Repeat exactly the lines below, from the line containing "DAVID YURMAN 'Albion'" through the last line, both included. Leave out any pictures.

--- Dataset excerpt Enclosed Below ---

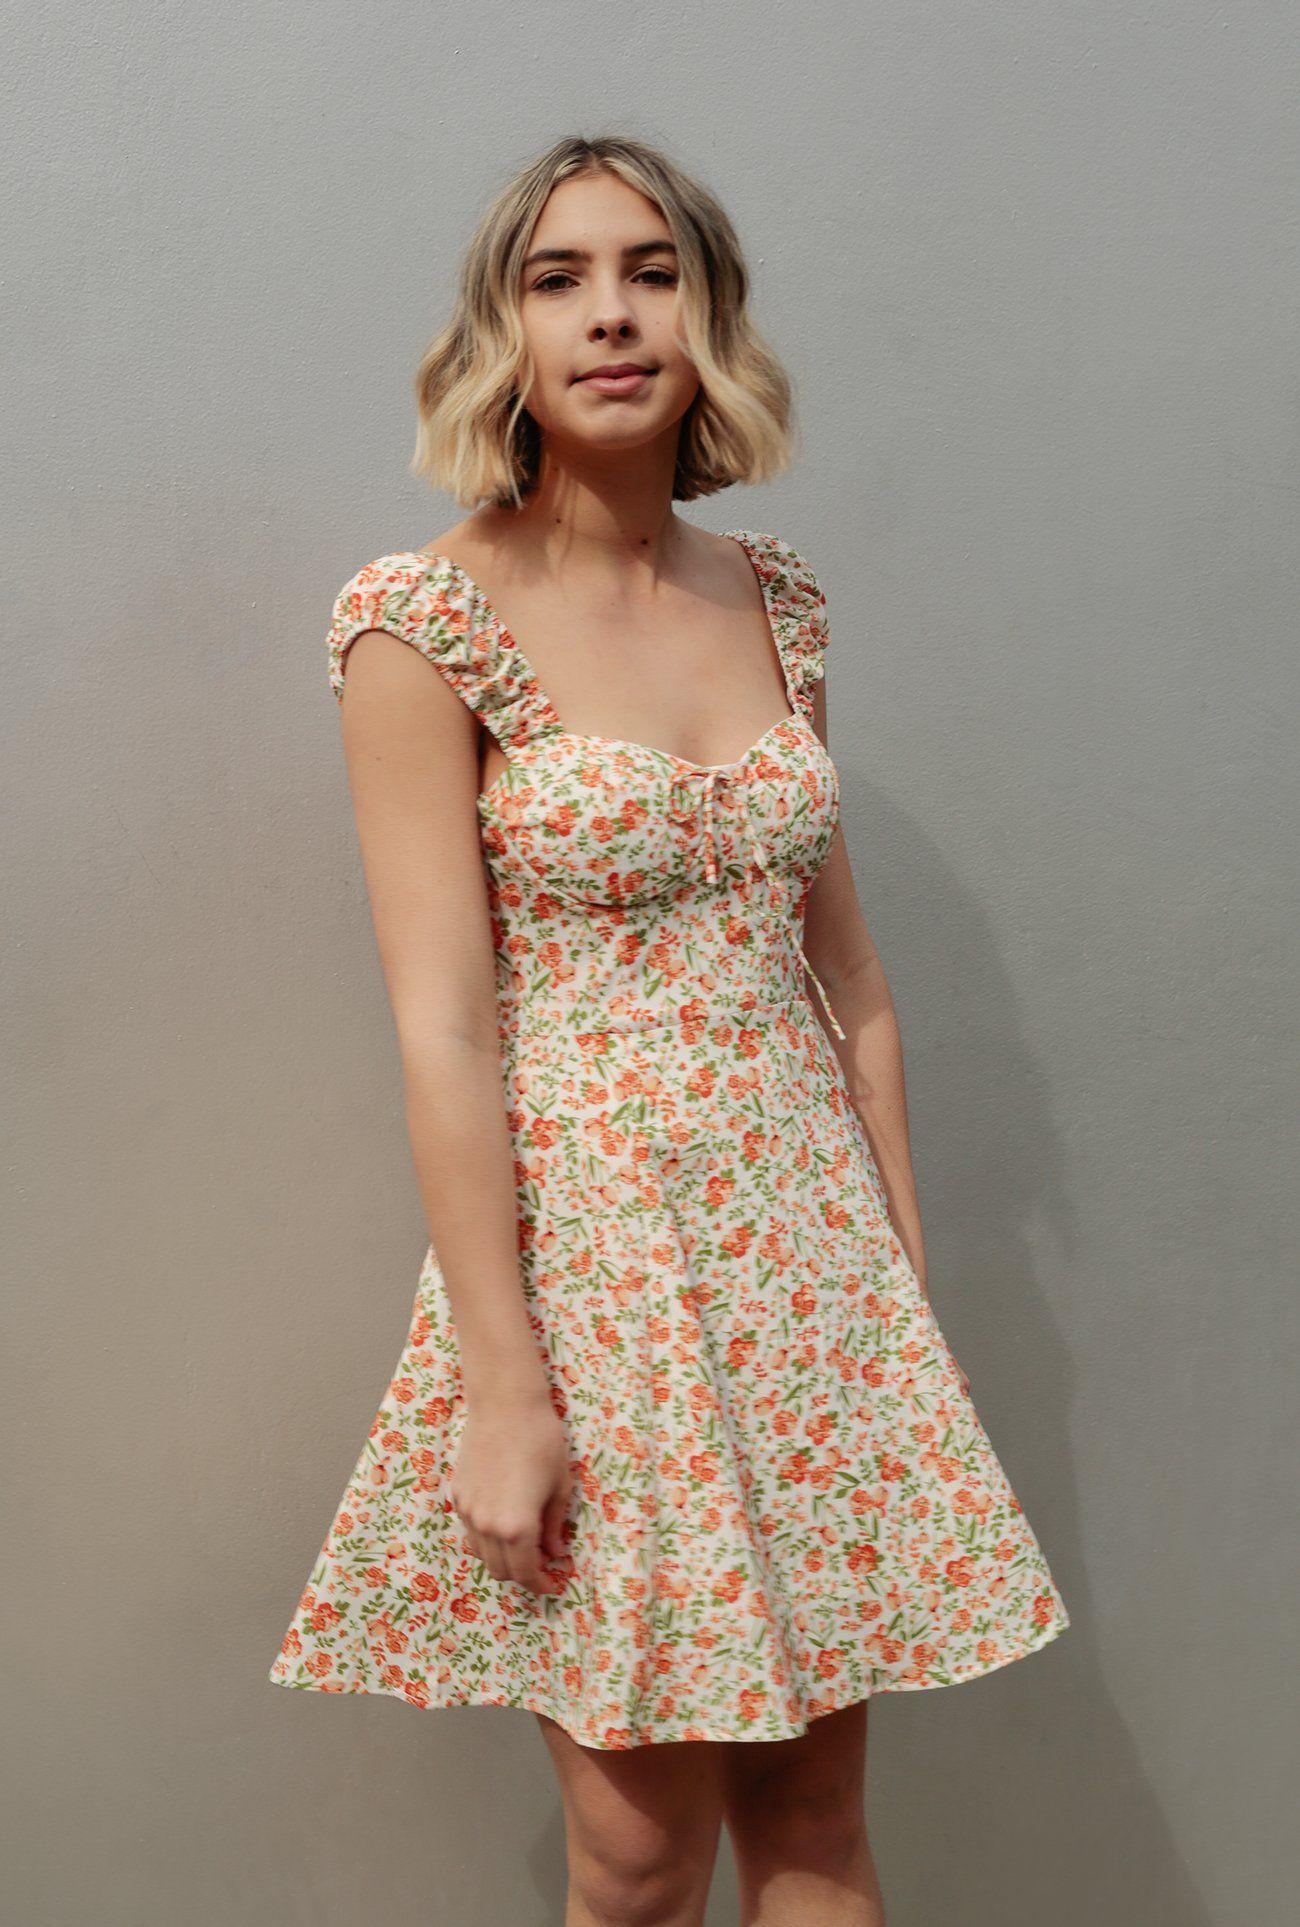 Floral Sweetheart Dress Azalea Dresses Sweetheart Dress Sewing Dresses [ 1927 x 1300 Pixel ]
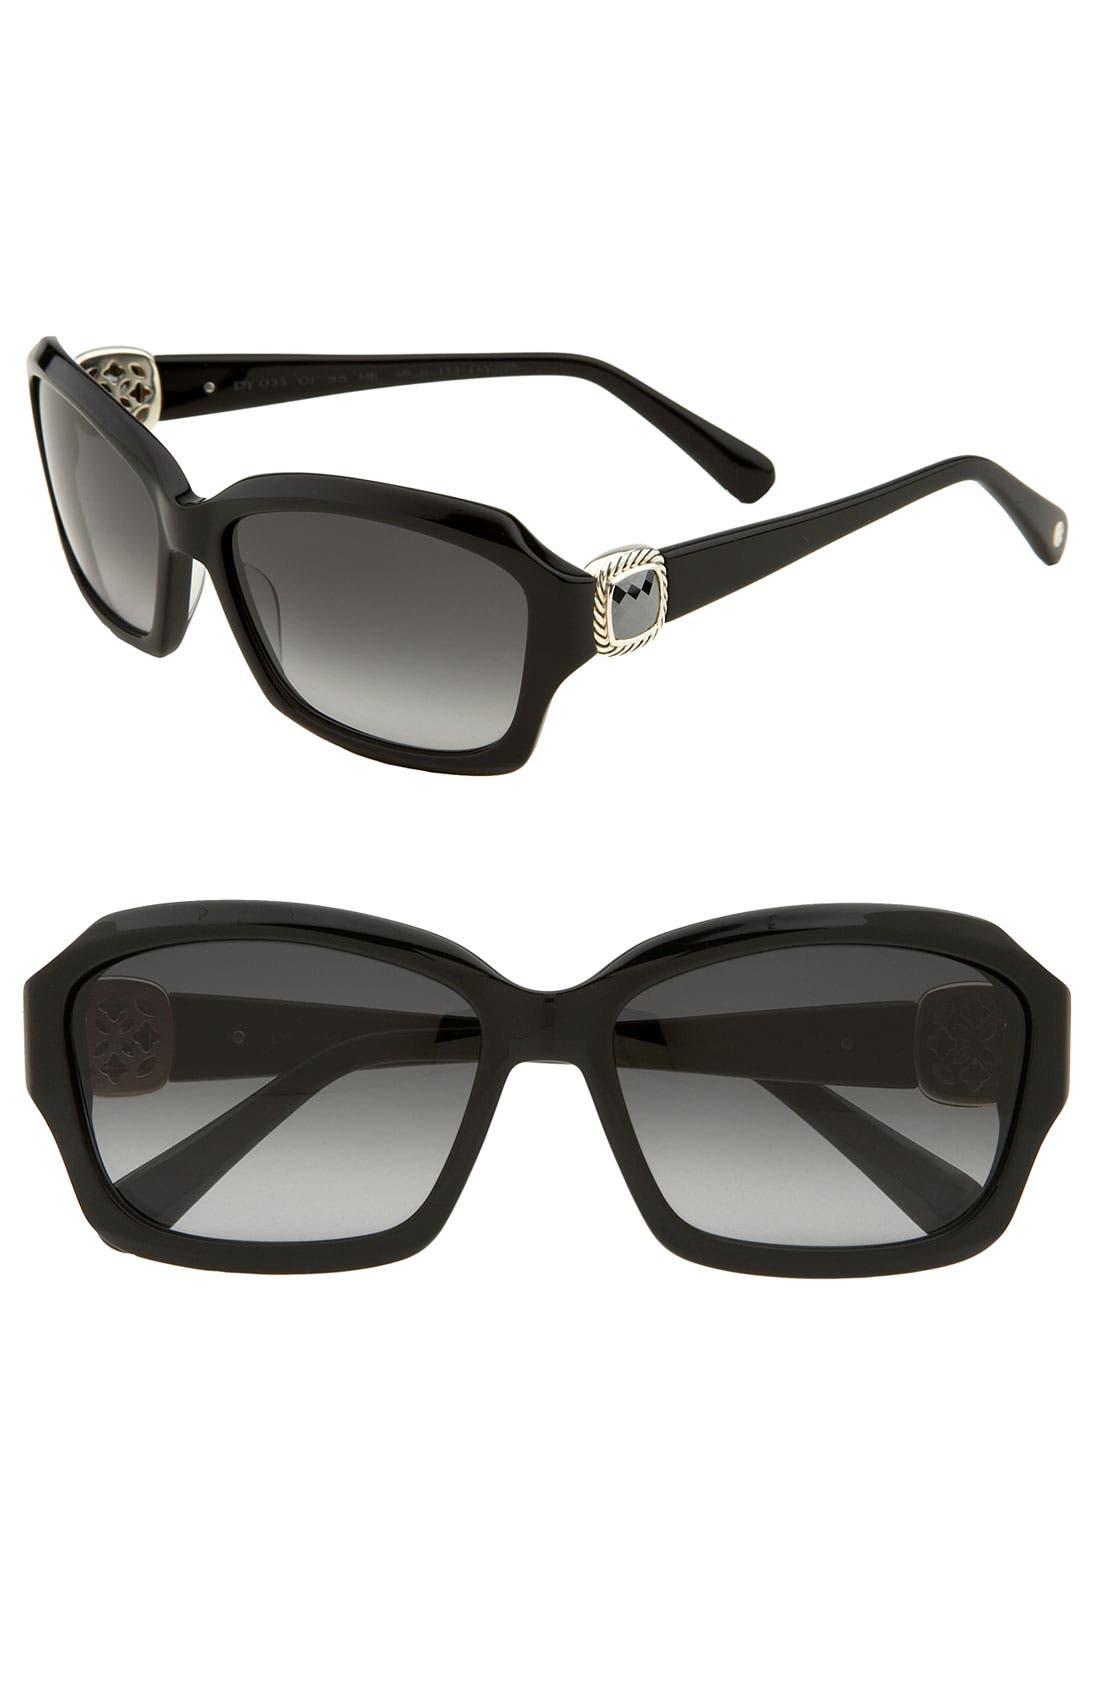 DAVID YURMAN 'Albion' Geometric Sunglasses, Main, color, 001
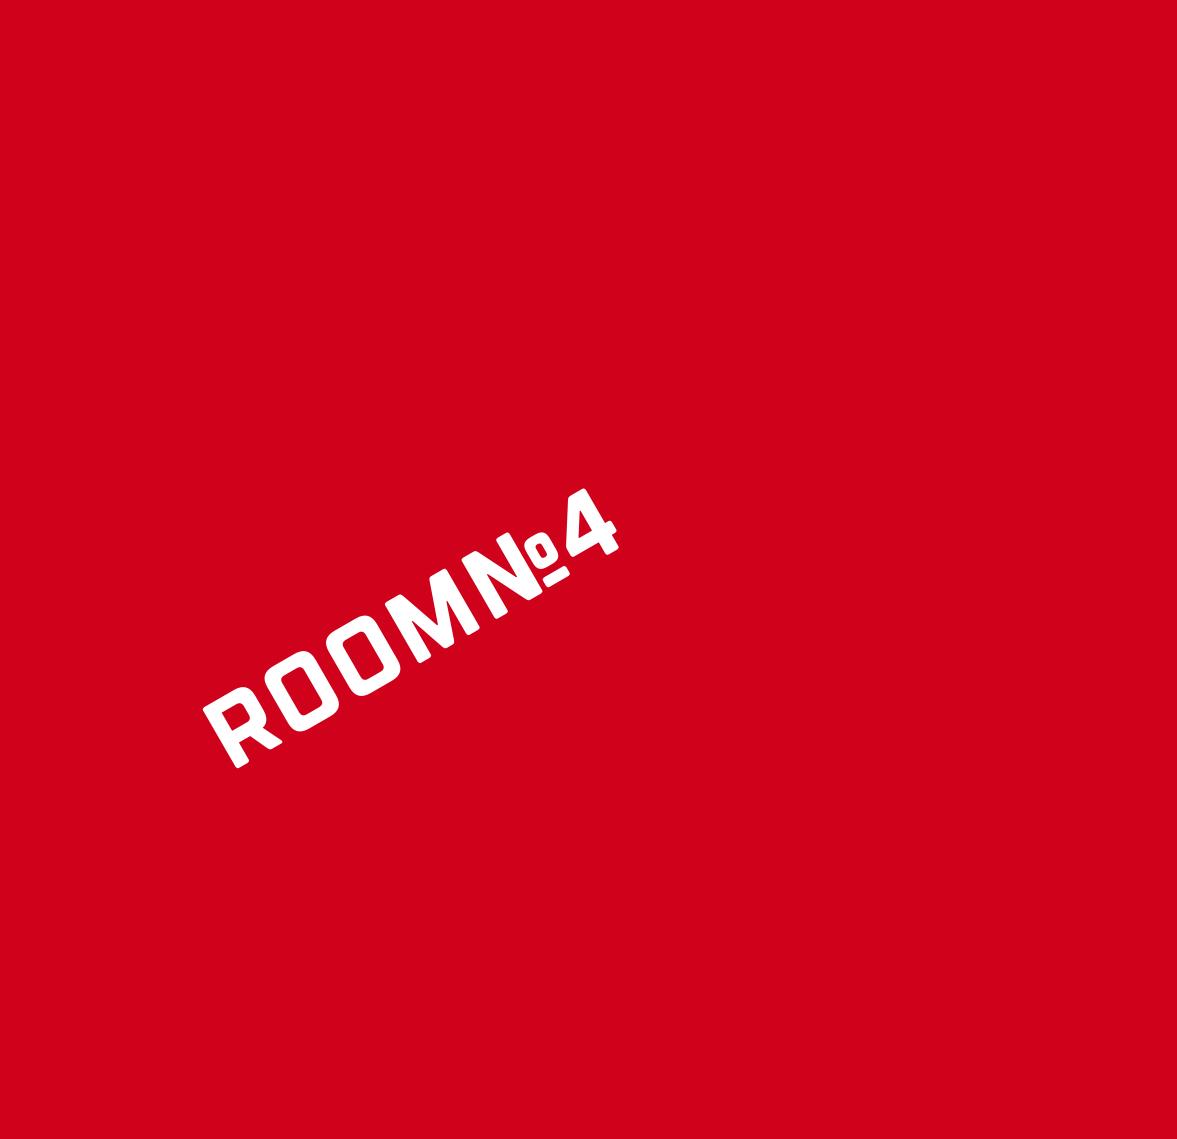 дом советов комната4 copy
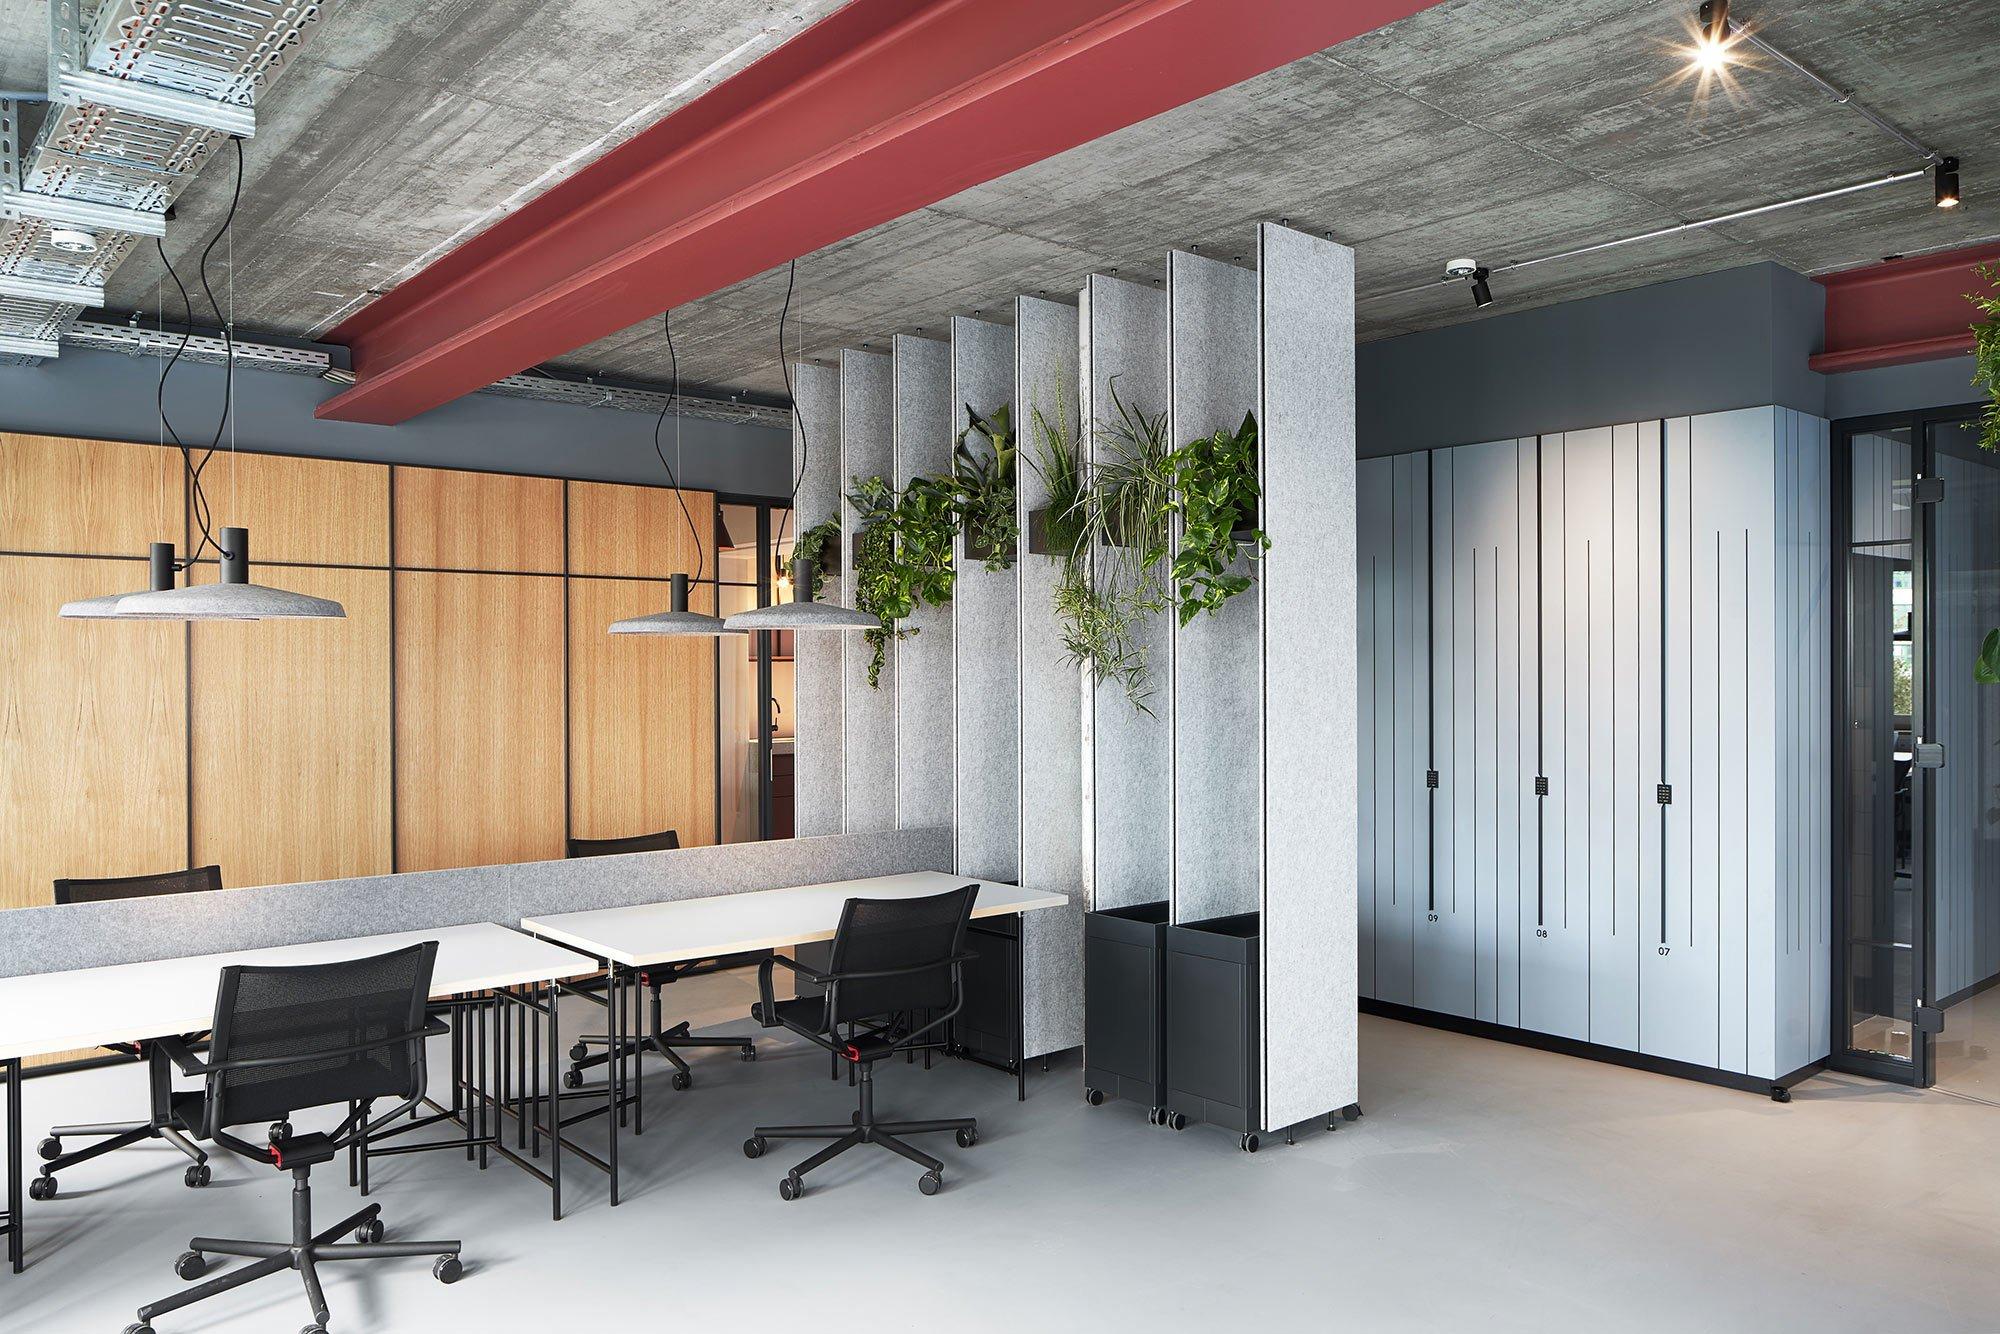 Coworking Space Urban Spaces, Stuttgart, Foto: Philip Kottlorz

--- End of Enclosed Dataset excerpt ---

Solution to this task:
 DAVID YURMAN 'Albion' Geometric Sunglasses, Main, color, 001
 дом советов комната4 copy
 Coworking Space Urban Spaces, Stuttgart, Foto: Philip Kottlorz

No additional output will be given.